Local Commentary

November 7: Liberation Day

November 7, 2020 is a day to never forget. It is the day that the people of the United States of America learned the news that their extraordinary effort to preserve democracy in this national beacon of hope for the entire planet had been secured. No, there was no storming of the barricades as the terrible paranoids behind the ones erected in front of the White House feared.

There was dancing in the streets, a lot of it by a lot of very happy American citizens. As more votes get counted, it is looking like this will be the biggest margin of victory for any candidate for president in the history of the U.S. Donald Trump and his fascist ambitions were not only defeated, they were crushed.

You will not be forgetting where you were and what you were doing on this date. You will be asked for years to come what it was like to celebrate the close-call survival of our democracy. You will be asked going forward how the spontaneity that accompanied this day contributed to permanent changes for the better for human society. What a year. We’d been through so much, the ongoing treachery of the Trump stain on our society, how it called out the worst in so many people, leading to rises in racial violence and police brutality. How it necessitated the calling out of the best in so many other people, who began standing up and pushing back very hard.
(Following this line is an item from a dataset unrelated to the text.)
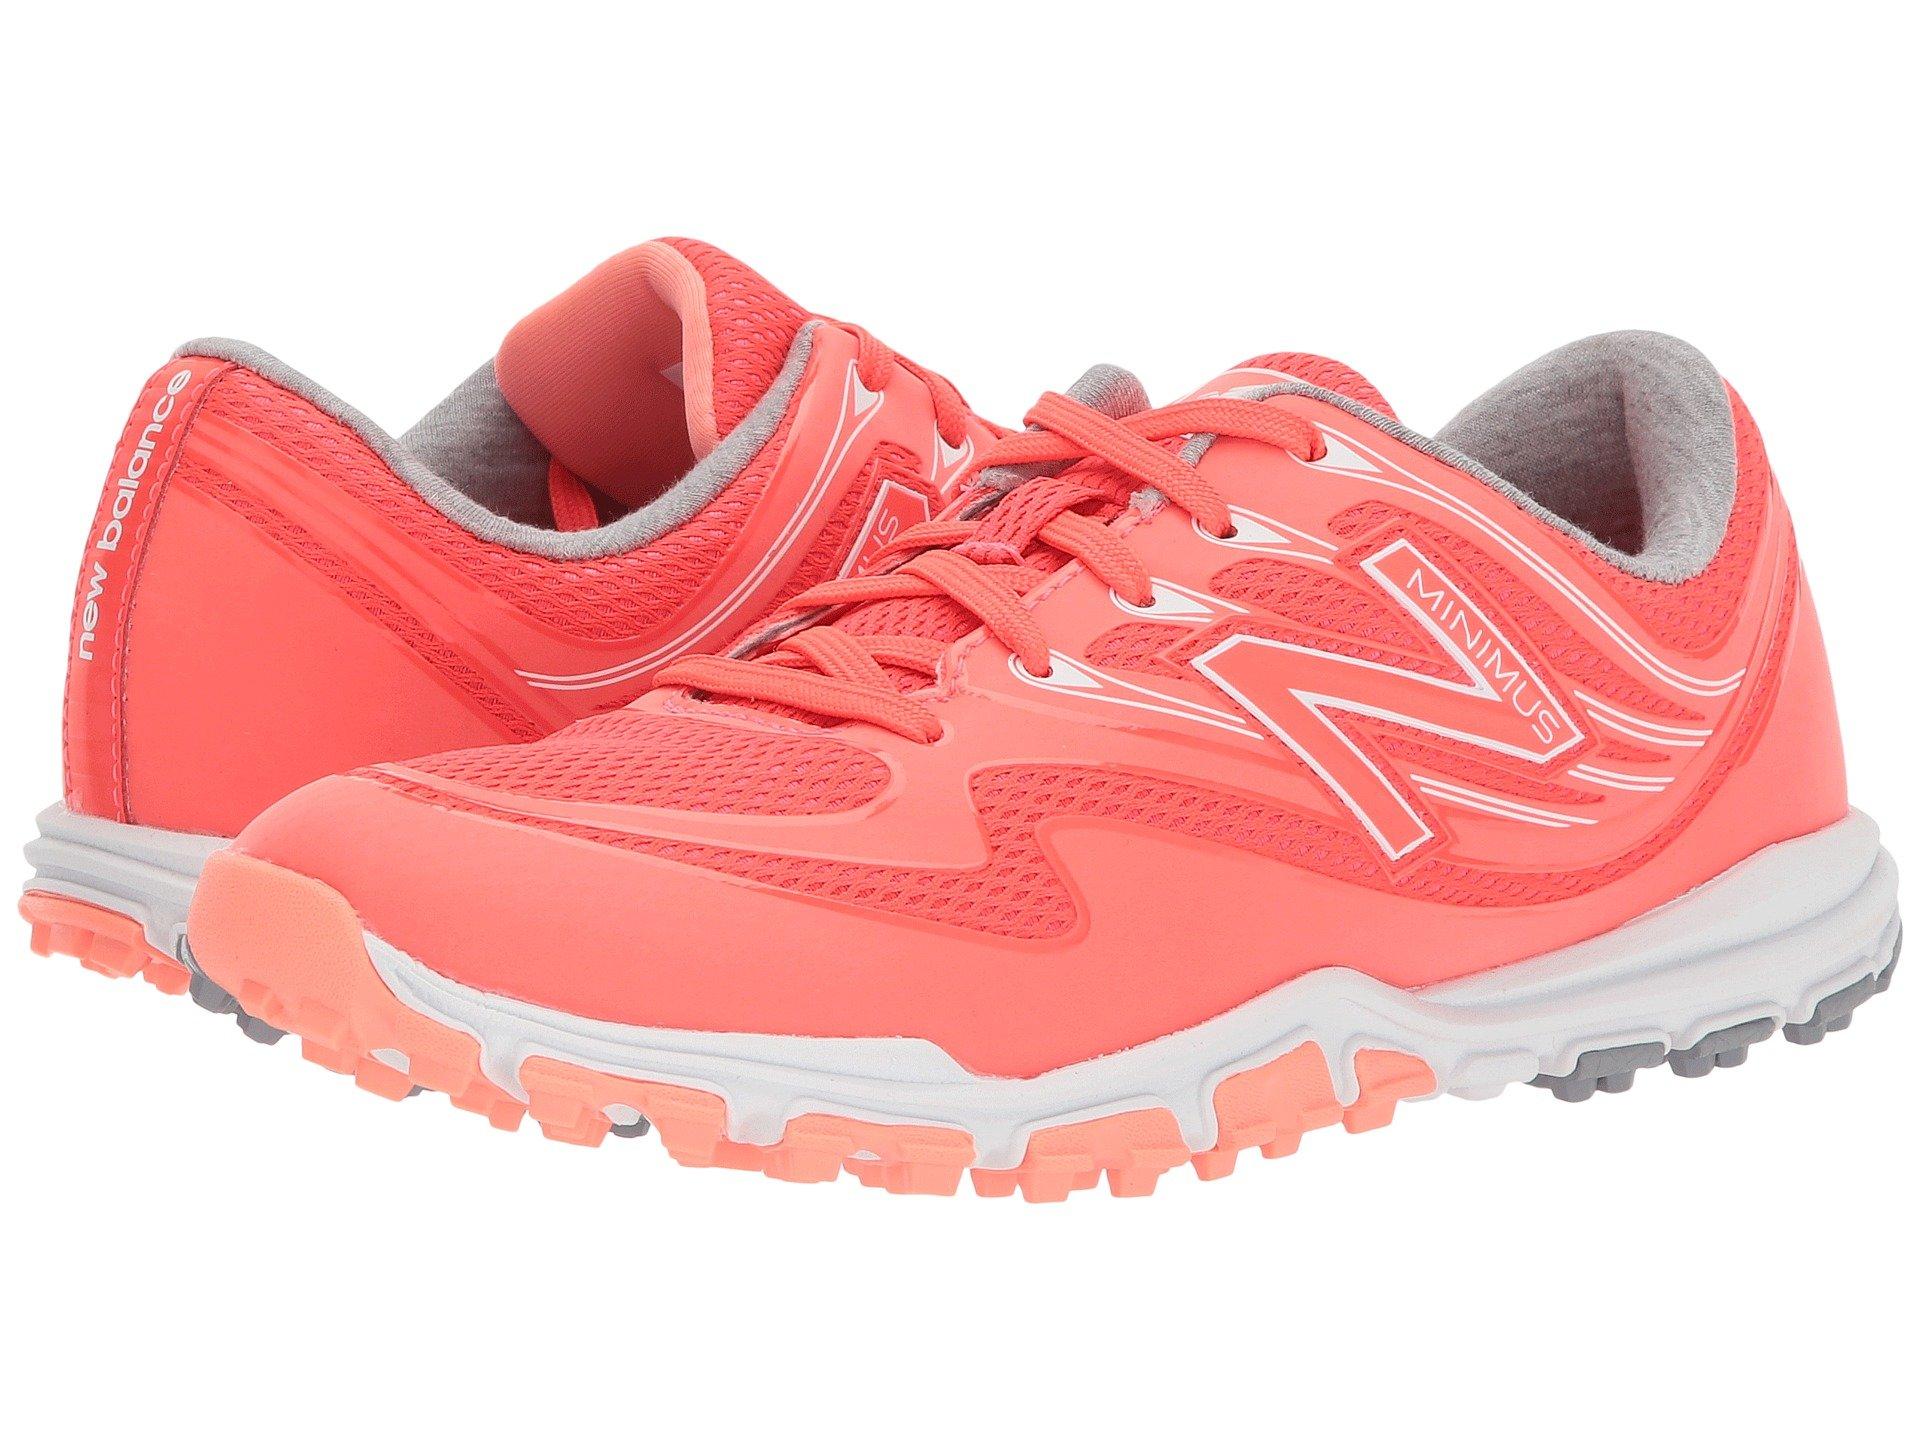 New Balance Women's Minimus Sport Golf Shoe - Choose SZ/Color

After all, we’d realized how much good had been bestowed upon us by this generous democratic society that we simply couldn’t sit by quietly and let the haters and bigots run roughshod over us, even if they were coming right out of the White House itself to pepper spray hundreds of us gathered there last summer so that Donald Trump could play fascist dictator with a strut across Lafayette Square to defile a perfectly good church with a pose of his unholy, sour visage.

No democratically-elected leader of our nation had ever attempted to pose in such a heinous manner before, to pose as a strong-arm dictator, clearly in the manner he hoped he could magnify with another four years in office.

So as he’d unleashed the worst out of one quarter of our compromised culture, so had he unintentionally called forth the best from another. We the people, led by our African-American constituency and our “suburban woman” constituency (as the media called it) rose up in great anger and resolve to hit the streets. That took the form of standing in long lines to vote, vote and vote.

As hundreds of thousands of us have died from the deadly Covid-19 pandemic left unattended by Trump, the rest of us stood up and exercised the best weapon that our democratic founders could have provided, the ballot.

It was like the day the Berlin Wall fell. On Nov. 7 we were liberated.